Brief: Pictures aside, the data must be reproduced exactly.

Data segment:
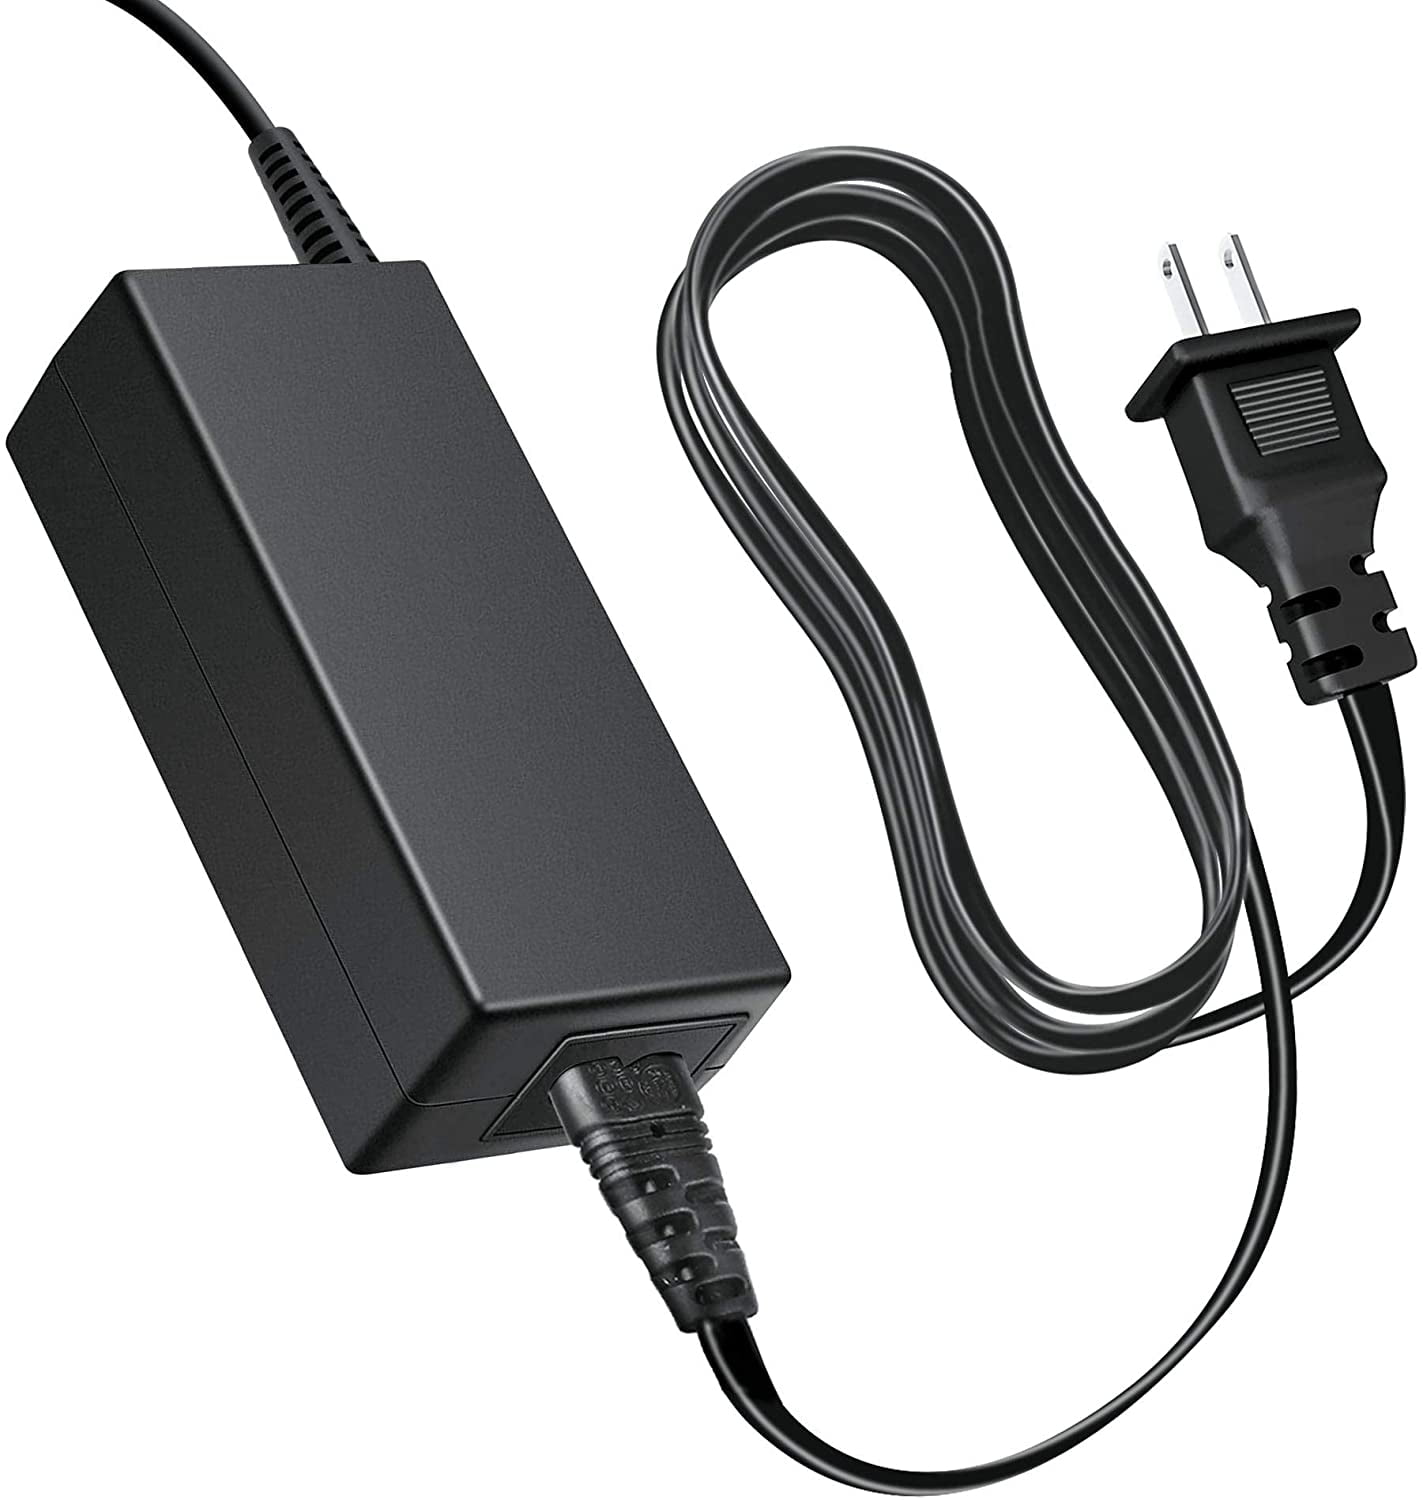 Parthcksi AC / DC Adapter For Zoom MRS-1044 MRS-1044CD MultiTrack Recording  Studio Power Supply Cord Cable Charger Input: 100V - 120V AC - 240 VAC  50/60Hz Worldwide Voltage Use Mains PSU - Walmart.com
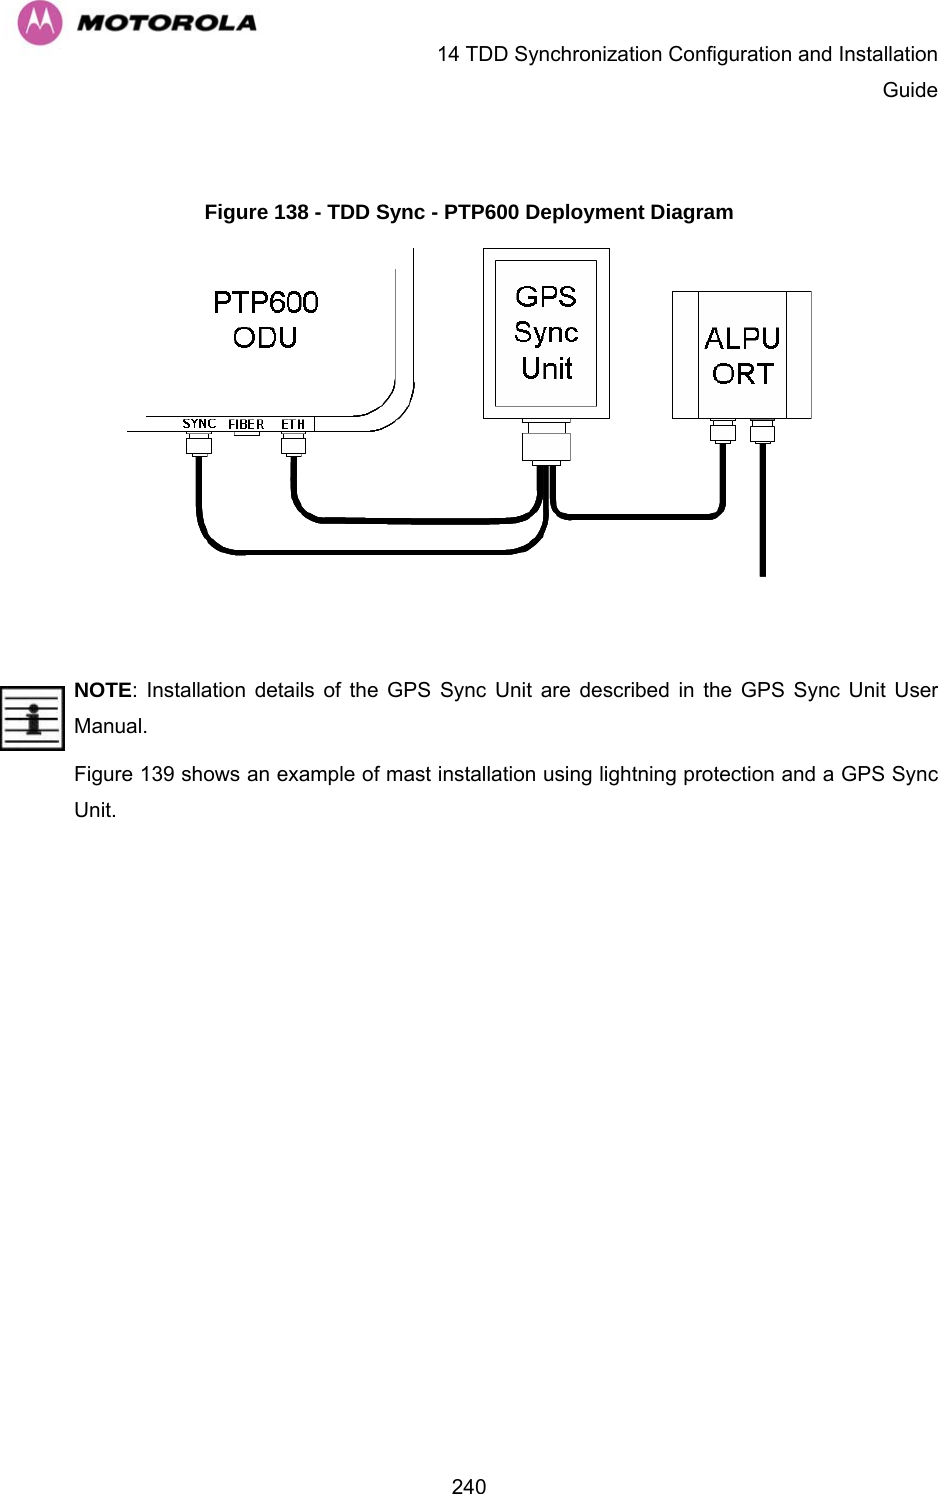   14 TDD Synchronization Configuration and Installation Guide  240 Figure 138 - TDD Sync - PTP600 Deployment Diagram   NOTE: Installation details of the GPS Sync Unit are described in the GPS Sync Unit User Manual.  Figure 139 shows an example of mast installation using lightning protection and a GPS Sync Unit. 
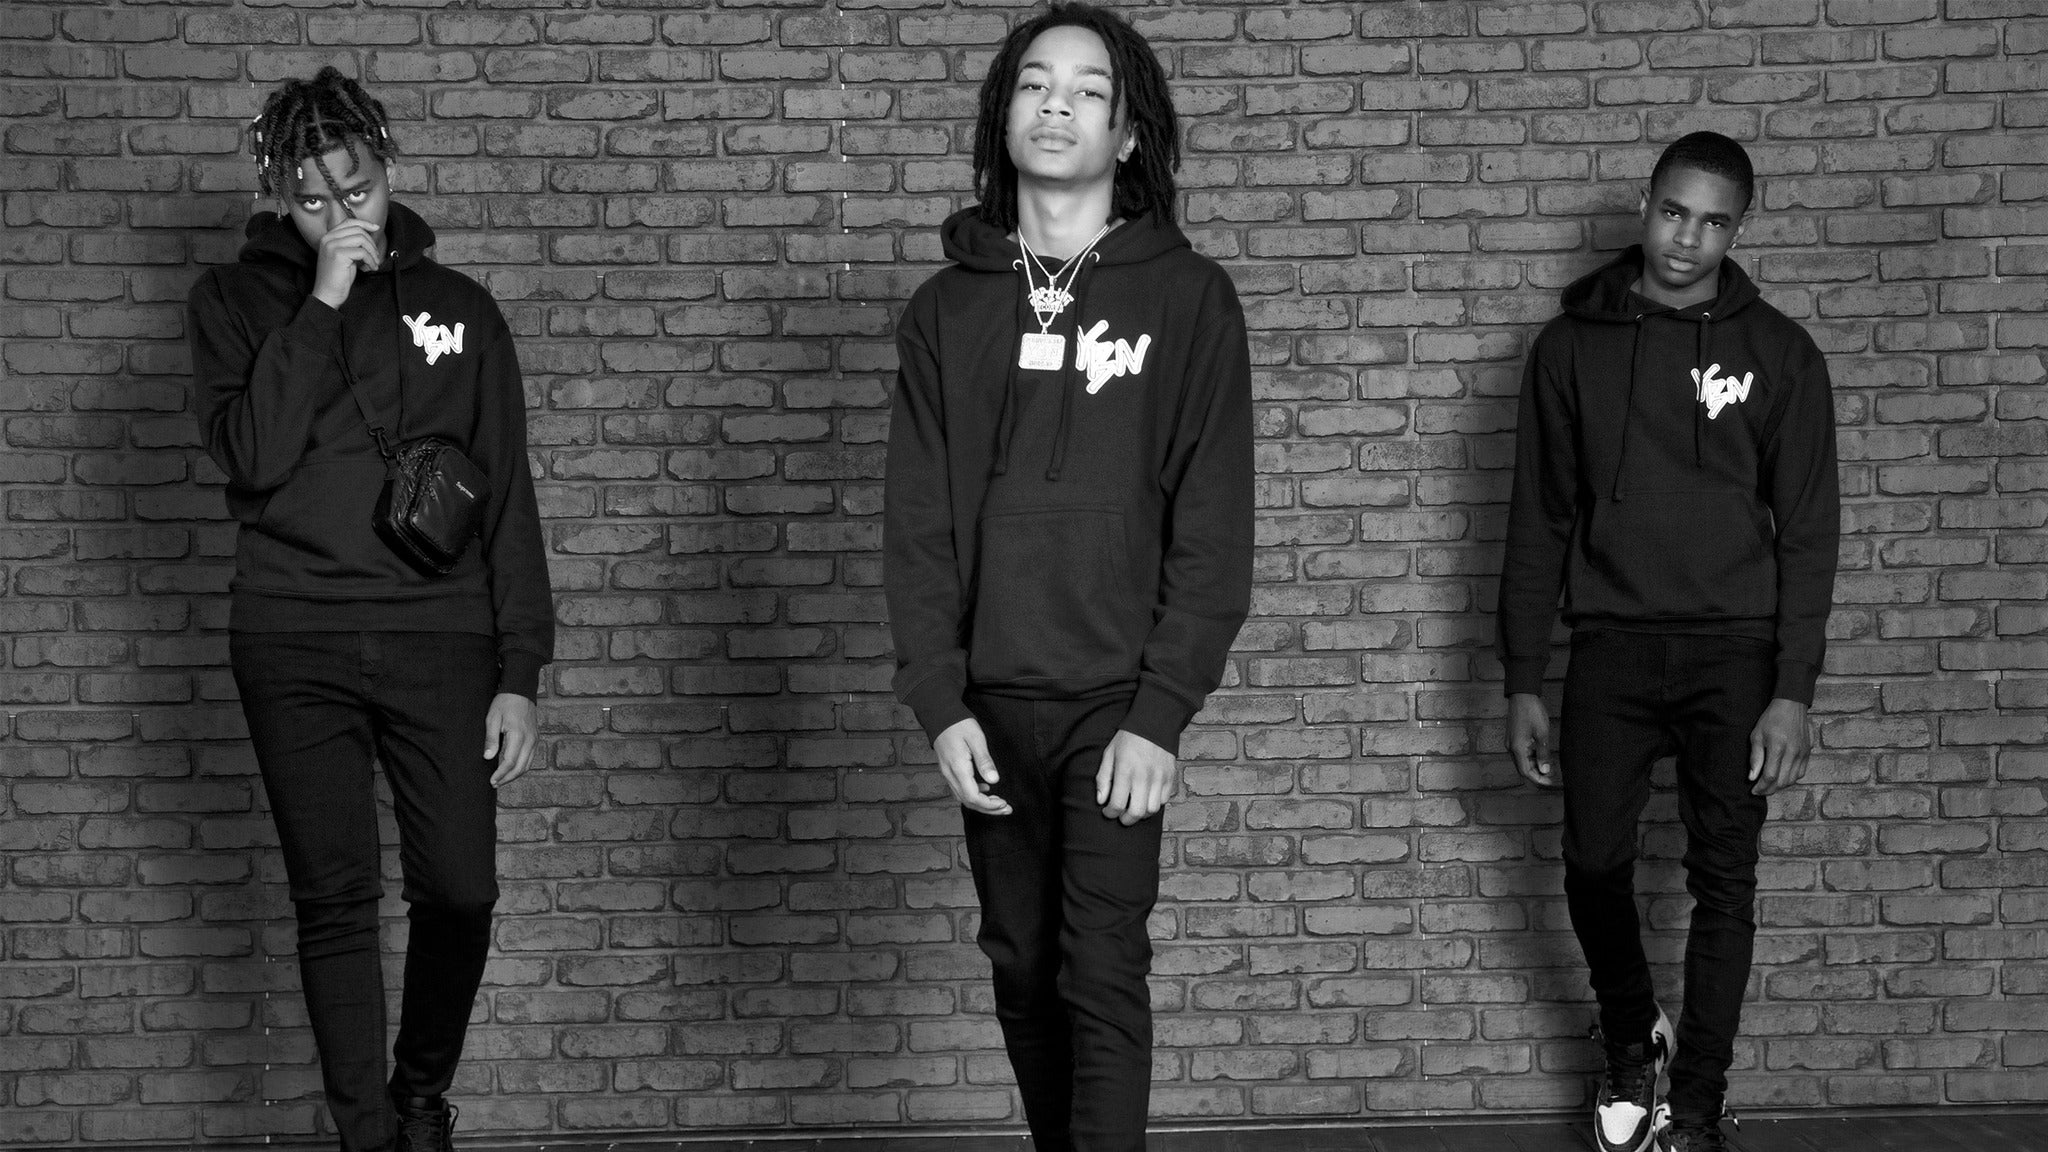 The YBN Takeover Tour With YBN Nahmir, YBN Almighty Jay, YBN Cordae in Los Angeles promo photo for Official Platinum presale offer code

Result:
 Parthcksi AC / DC Adapter For Zoom MRS-1044 MRS-1044CD MultiTrack Recording  Studio Power Supply Cord Cable Charger Input: 100V - 120V AC - 240 VAC  50/60Hz Worldwide Voltage Use Mains PSU - Walmart.com
   14 TDD Synchronization Configuration and Installation Guide  240 Figure 138 - TDD Sync - PTP600 Deployment Diagram   NOTE: Installation details of the GPS Sync Unit are described in the GPS Sync Unit User Manual.  Figure 139 shows an example of mast installation using lightning protection and a GPS Sync Unit. 
 The YBN Takeover Tour With YBN Nahmir, YBN Almighty Jay, YBN Cordae in Los Angeles promo photo for Official Platinum presale offer code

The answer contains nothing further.